Figure 11-8 Pivot division process
After the pivot partitioning, the original array is divided into three parts: left sub-array, pivot, and right sub-array, satisfying "any element in the left sub-array \(\leq\) pivot \(\leq\) any element in the right sub-array." Therefore, we then only need to sort these two sub-arrays.
Divide-and-conquer strategy for quick sort
The essence of pivot partitioning is to simplify the sorting problem of a longer array into two shorter arrays.
def partition(self, nums: list[int], left: int, right: int) -> int:
"""Partition"""
# Use nums[left] as the pivot
i, j = left, right
while i < j:
while i < j and nums[j] >= nums[left]:
j -= 1 # Search from right to left for the first element smaller than the pivot
while i < j and nums[i] <= nums[left]:
i += 1 # Search from left to right for the first element greater than the pivot
# Swap elements
nums[i], nums[j] = nums[j], nums[i]
# Swap the pivot to the boundary between the two subarrays
nums[i], nums[left] = nums[left], nums[i]
return i # Return the index of the pivot
/* Partition */
int partition(vector<int> &nums, int left, int right) {
// Use nums[left] as the pivot
int i = left, j = right;
while (i < j) {
while (i < j && nums[j] >= nums[left])
j--; // Search from right to left for the first element smaller than the pivot
while (i < j && nums[i] <= nums[left])
i++; // Search from left to right for the first element greater than the pivot
swap(nums, i, j); // Swap these two elements
}
swap(nums, i, left); // Swap the pivot to the boundary between the two subarrays
return i; // Return the index of the pivot
}
/* Swap elements */
void swap(int[] nums, int i, int j) {
int tmp = nums[i];
nums[i] = nums[j];
nums[j] = tmp;
}
/* Partition */
int partition(int[] nums, int left, int right) {
// Use nums[left] as the pivot
int i = left, j = right;
while (i < j) {
while (i < j && nums[j] >= nums[left])
j--; // Search from right to left for the first element smaller than the pivot
while (i < j && nums[i] <= nums[left])
i++; // Search from left to right for the first element greater than the pivot
swap(nums, i, j); // Swap these two elements
}
swap(nums, i, left); // Swap the pivot to the boundary between the two subarrays
return i; // Return the index of the pivot
}
11.5.1 Algorithm process¶
The overall process of quick sort is shown in Figure 11-9.
- First, perform a "pivot partitioning" on the original array to obtain the unsorted left and right sub-arrays.

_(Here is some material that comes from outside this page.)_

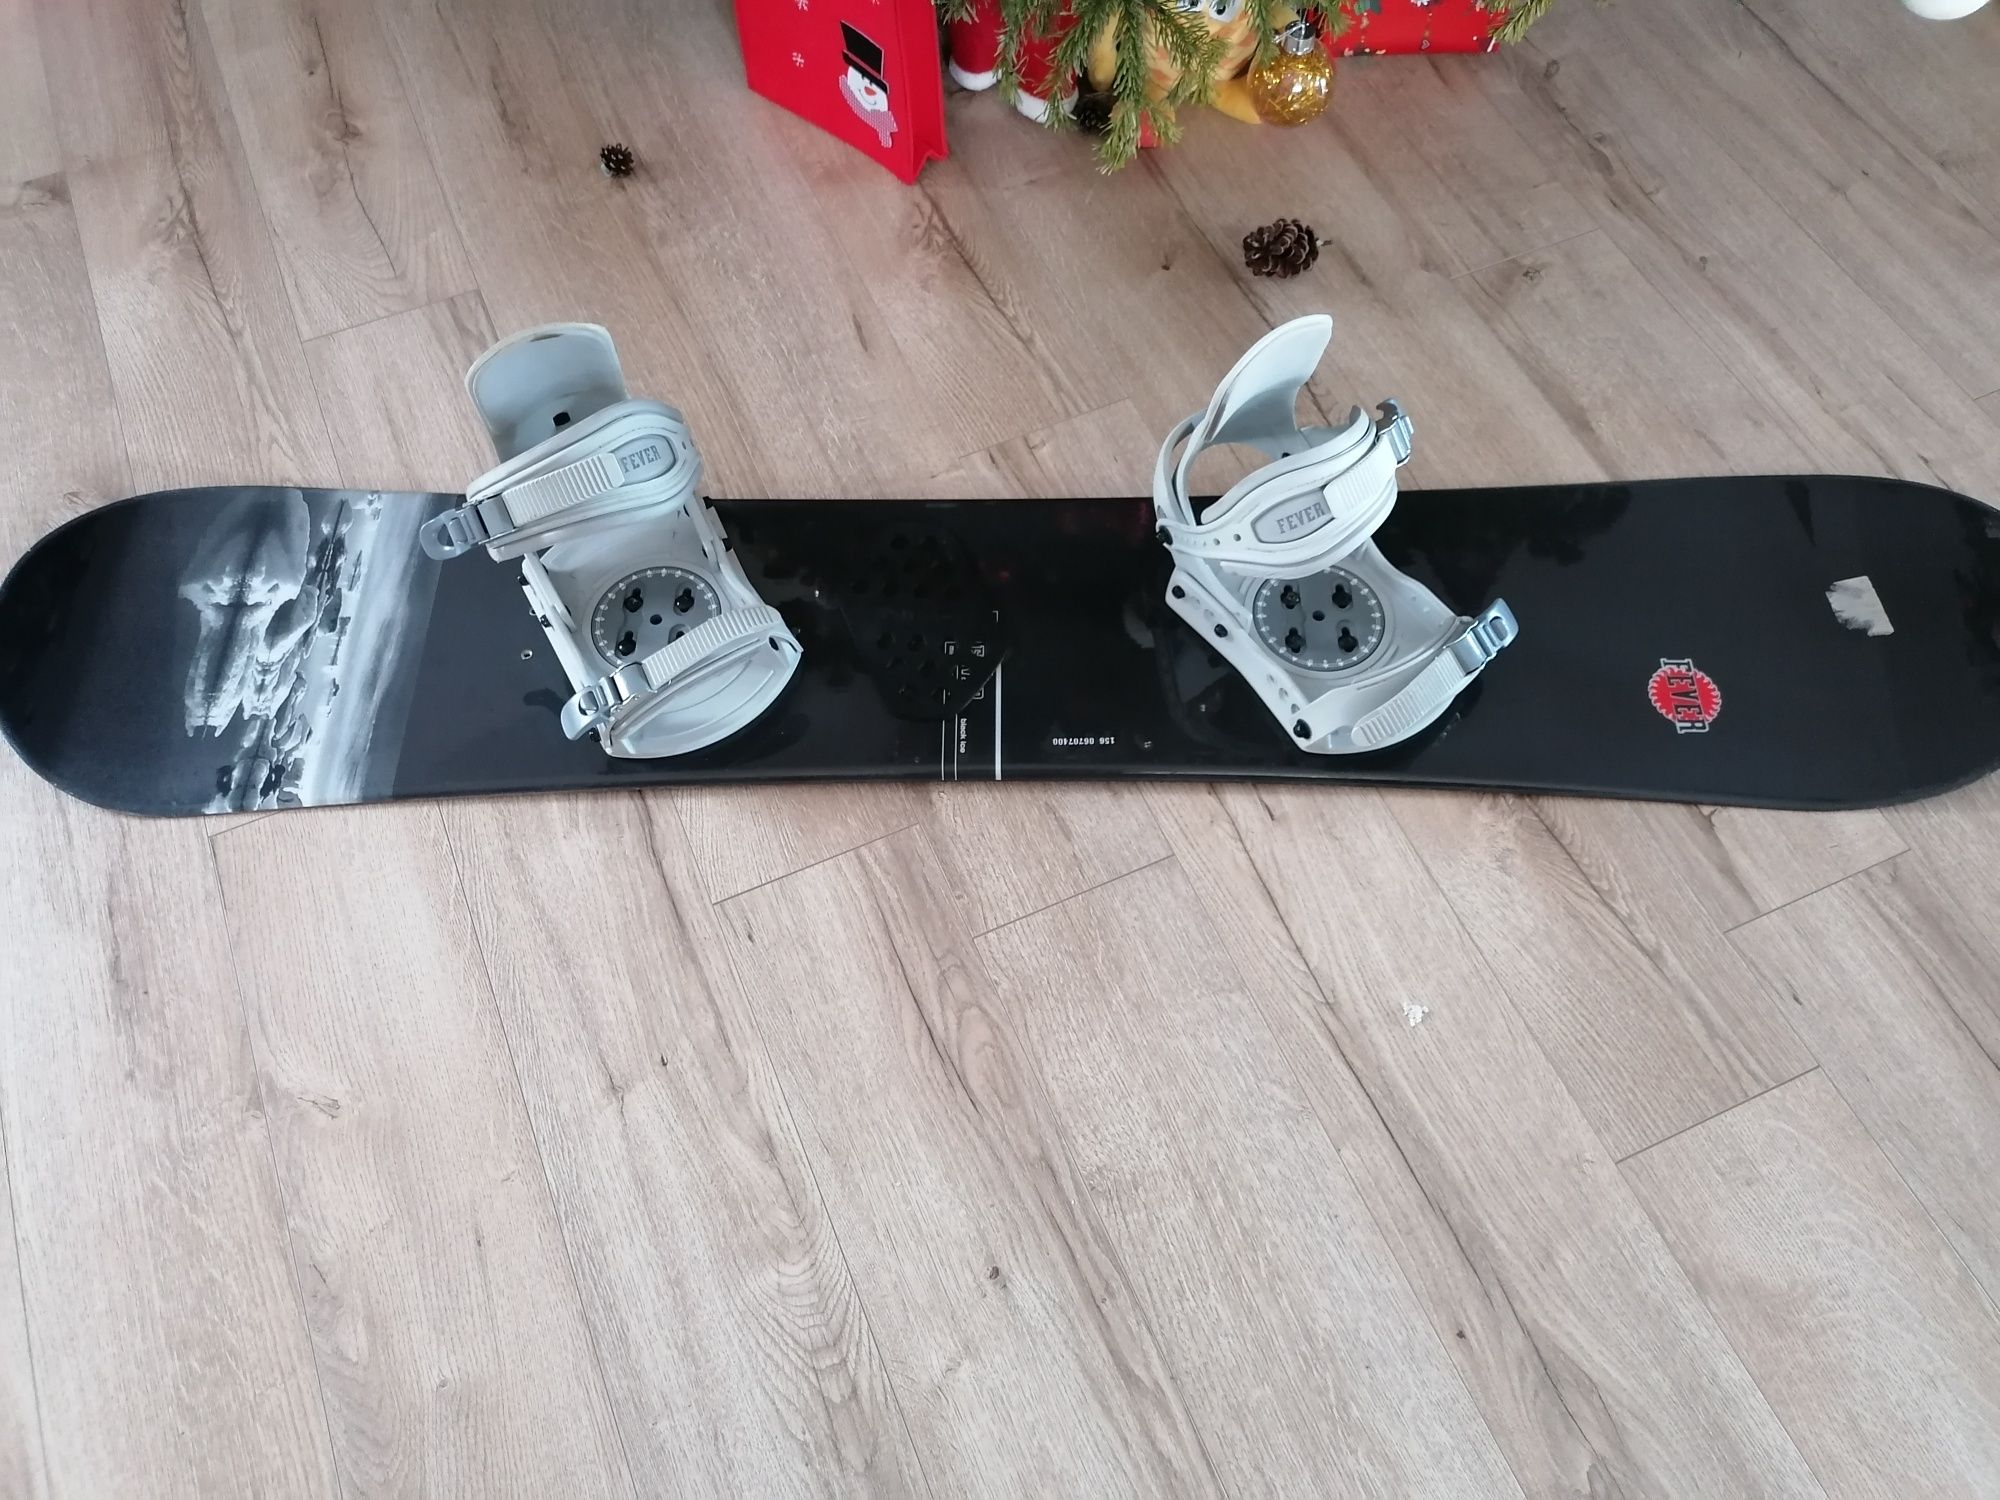 Placa snowboard FEVER

- Then, recursively perform "pivot partitioning" on the left and right sub-arrays separately.
- Continue recursively until the length of sub-array is 1, thus completing the sorting of the entire array.
Figure 11-9 Quick sort process
def quick_sort(self, nums: list[int], left: int, right: int):
"""Quick sort"""
# Terminate recursion when subarray length is 1
if left >= right:
return
# Partition
pivot = self.partition(nums, left, right)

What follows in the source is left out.